I was recently surprised to discover that California has price controls which are designed to encourage hoarding in emergencies and to discourage stockpiling in preparation for emergencies. The law in question is called an anti-gouging law, and temporarily limits price increases to 10 percent in some emergencies. I’ve seen conflicting reports about whether Bush’s declaration of emergency triggers the price controls, or whether it requires a state declaration of emergency. The governator has indicated that he has no plans to join the Bush/Lockyer exploitation of Katrina, but my limited observations suggest that gas stations in the bay area have limited their gas prices increases to 10 percent, and a few of them ran out of gas over the weekend.
It looks like the gas supply problems will ease soon enough that the price controls won’t have done much harm this time (diversions of gas shipments that were intended for other parts of the world will any week now spread the supply reduction over large enough regions that a fairly small price premium over what would have prevailed without Katrina should keep supply and demand in balance).

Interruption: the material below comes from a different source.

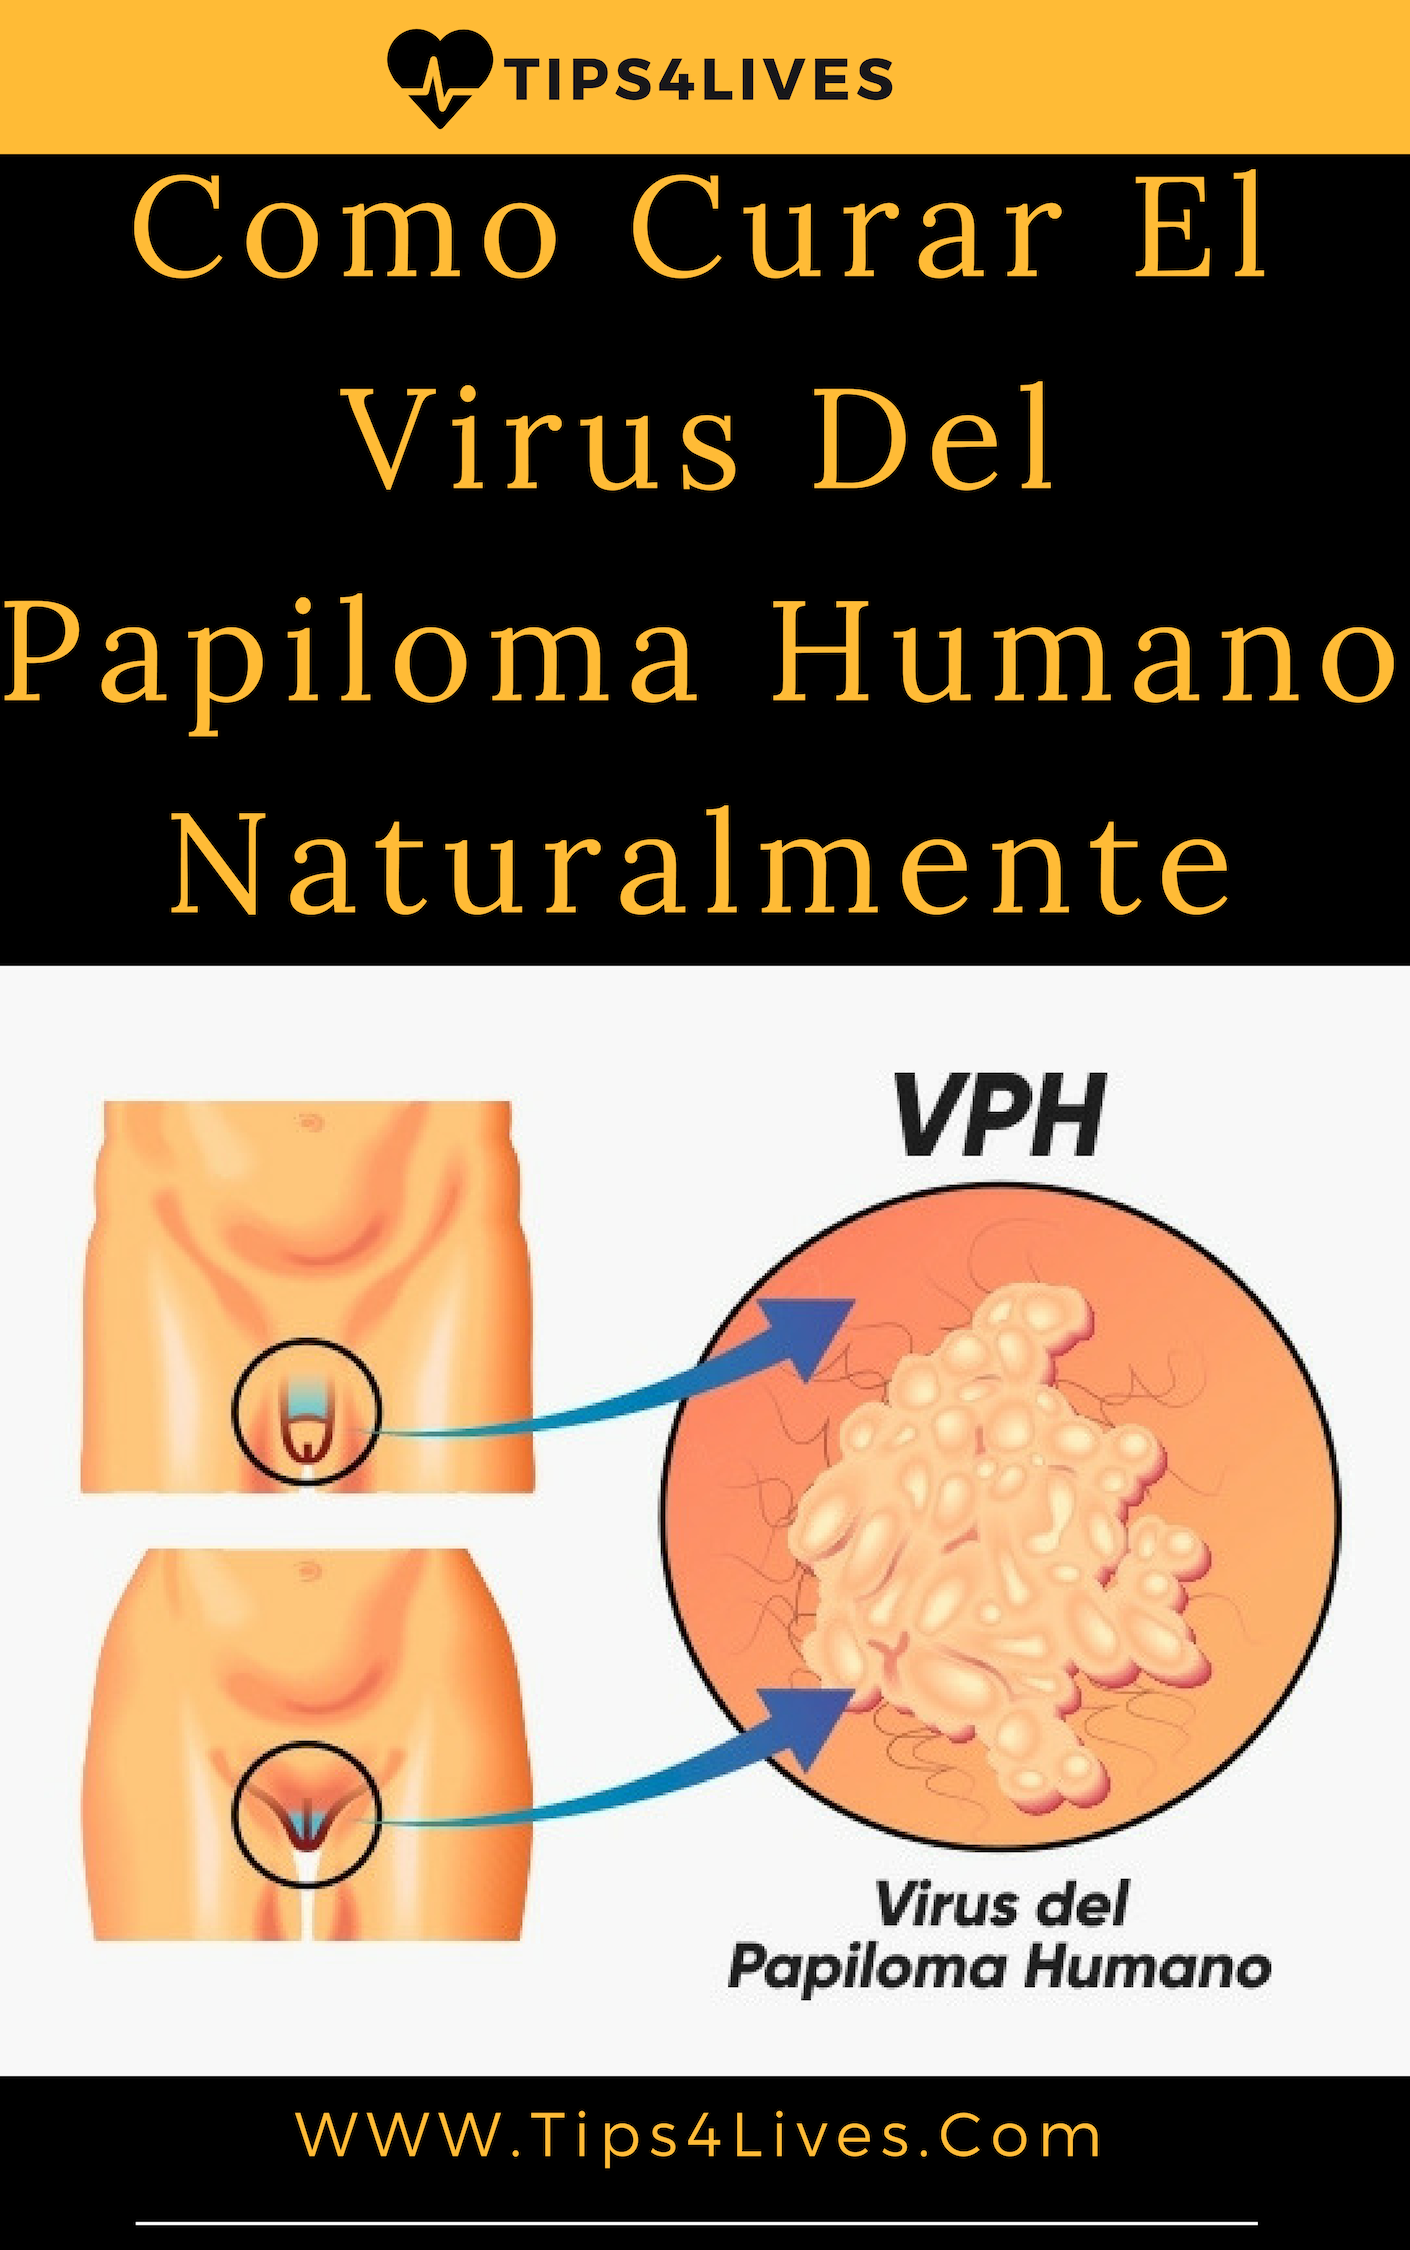 papilomavirus humano hpv genital foot verruca black

On a related note, Alex Tabarrok made a claim that suspending gas taxes won’t help consumers. I’m suspicious of his belief that a temporary suspension will have little effect on supply. I expect that oil companies will have an important incentive to draw down their inventory more than they otherwise would, especially just before the taxes are reinstated (since their profit margins will decline when taxes resume). I expect this effect to reduce prices to consumers by a modest fraction of the amount of tax relief. This will come at the cost of increased vulnerability to new supply disruptions. I doubt that the voters who have caused politicians to suspend gas taxes have given much thought to the wisdom of this tradeoff.